EXERCISE AIM
Please reproduce the listing verbatim, without its images.

AVAILABLE DATA
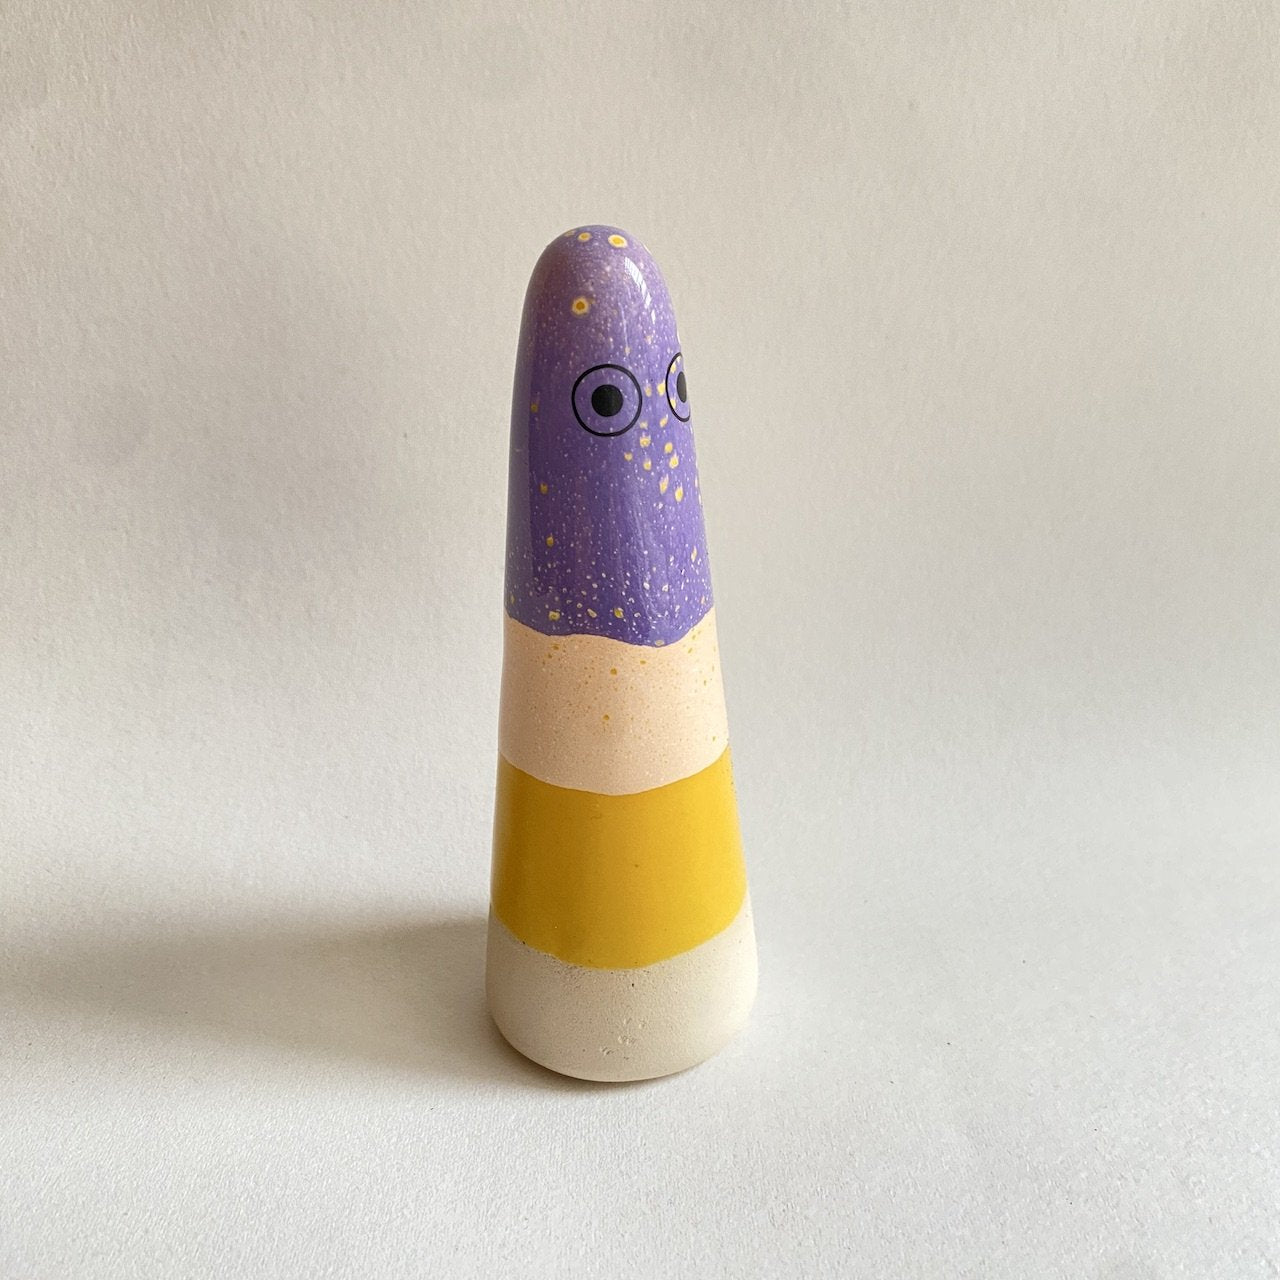 Sea Lab Ghost | Loopy | Ceramic Figurine | by Studio Arhoj - Lifestory
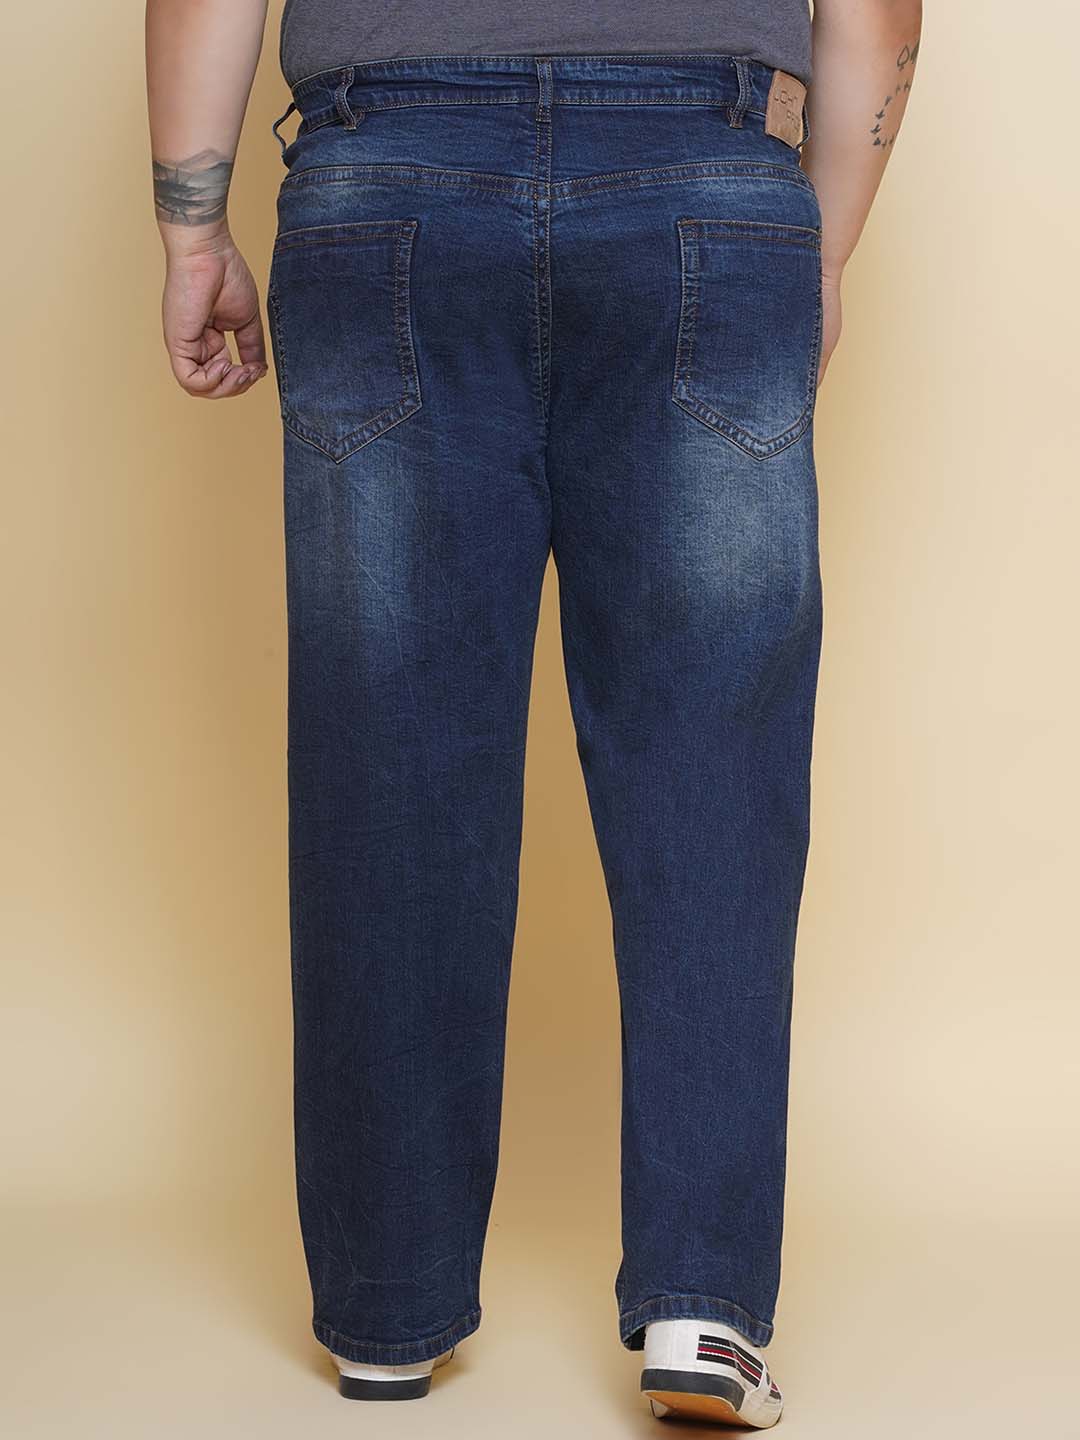 bottomwear/jeans/JPJ27096/jpj27096-5.jpg
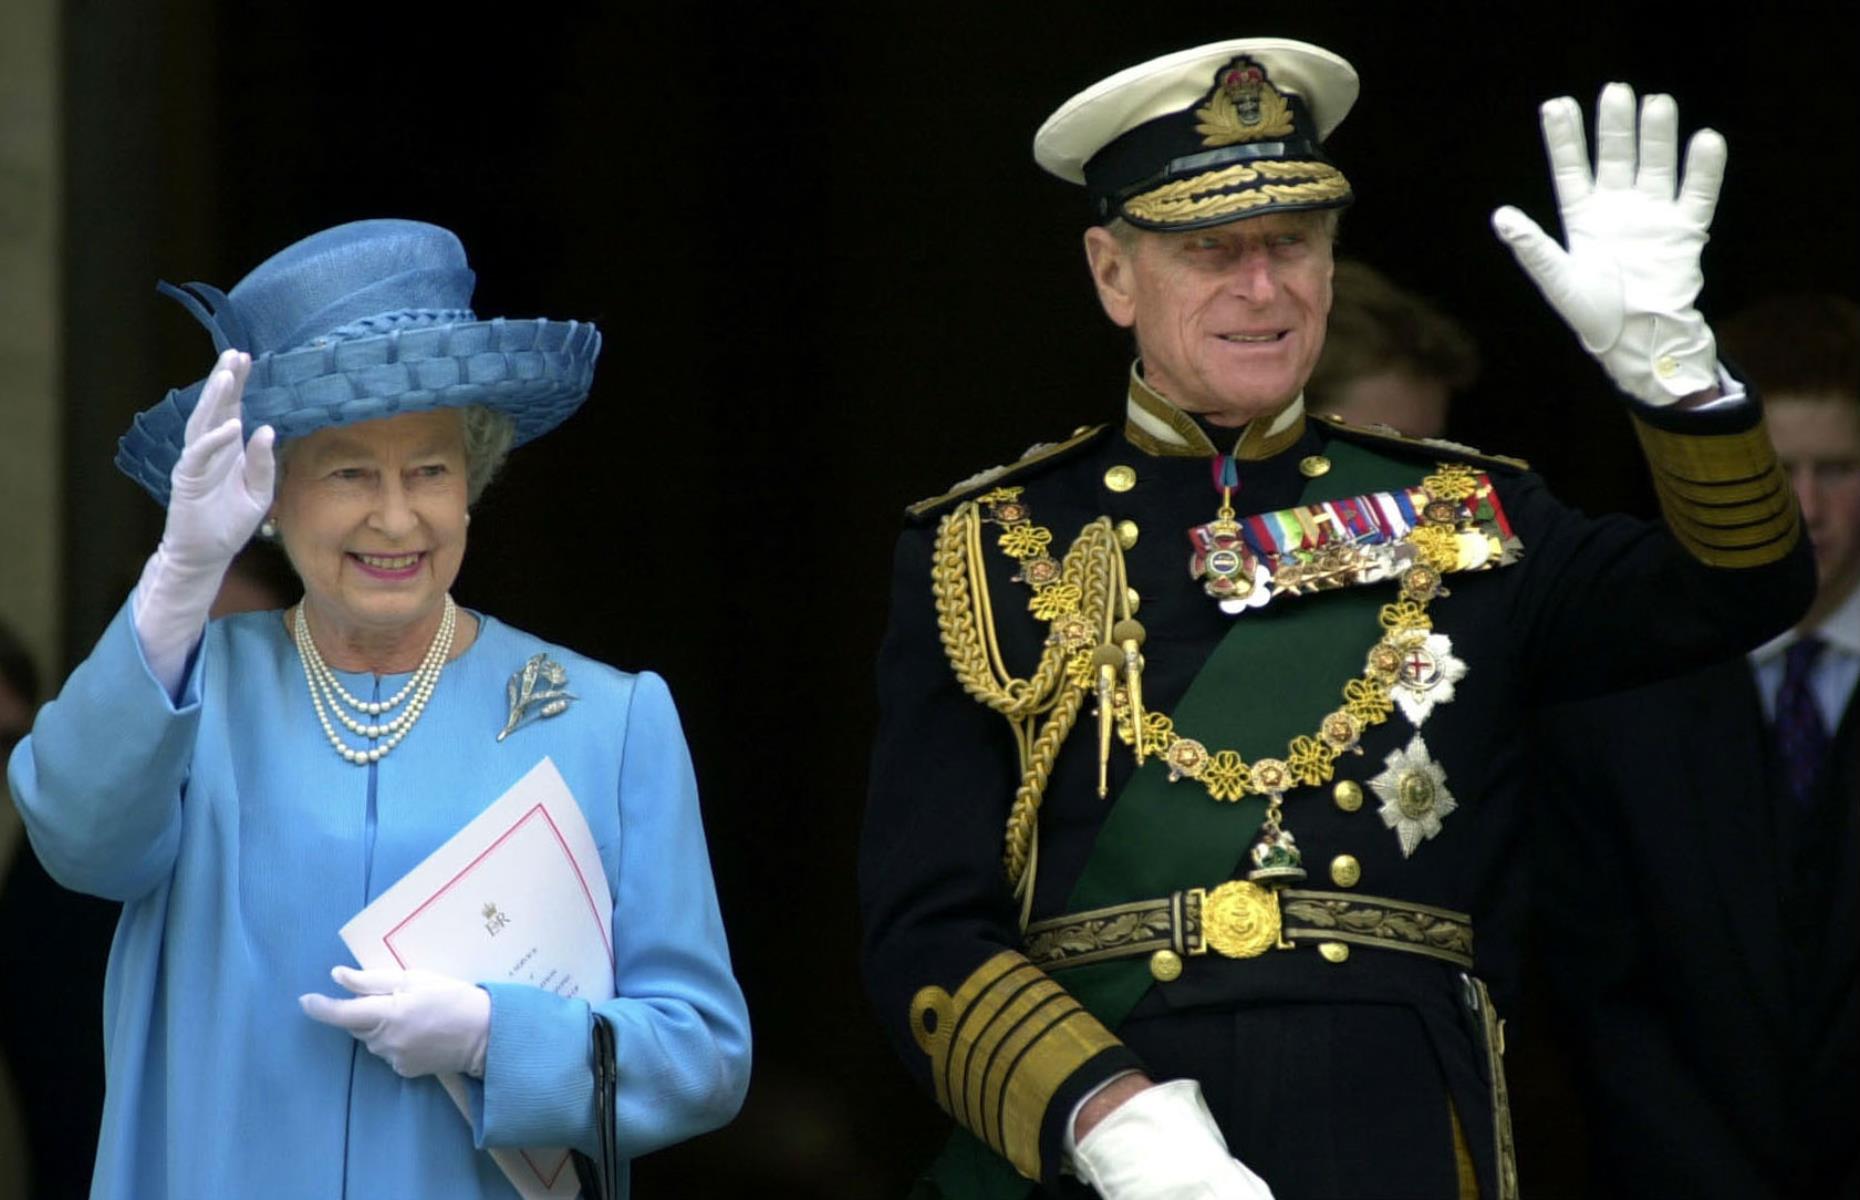 2002: The Queen celebrates her Golden Jubilee

RESPONSE BOX
 Sea Lab Ghost | Loopy | Ceramic Figurine | by Studio Arhoj - Lifestory
 bottomwear/jeans/JPJ27096/jpj27096-5.jpg
 2002: The Queen celebrates her Golden Jubilee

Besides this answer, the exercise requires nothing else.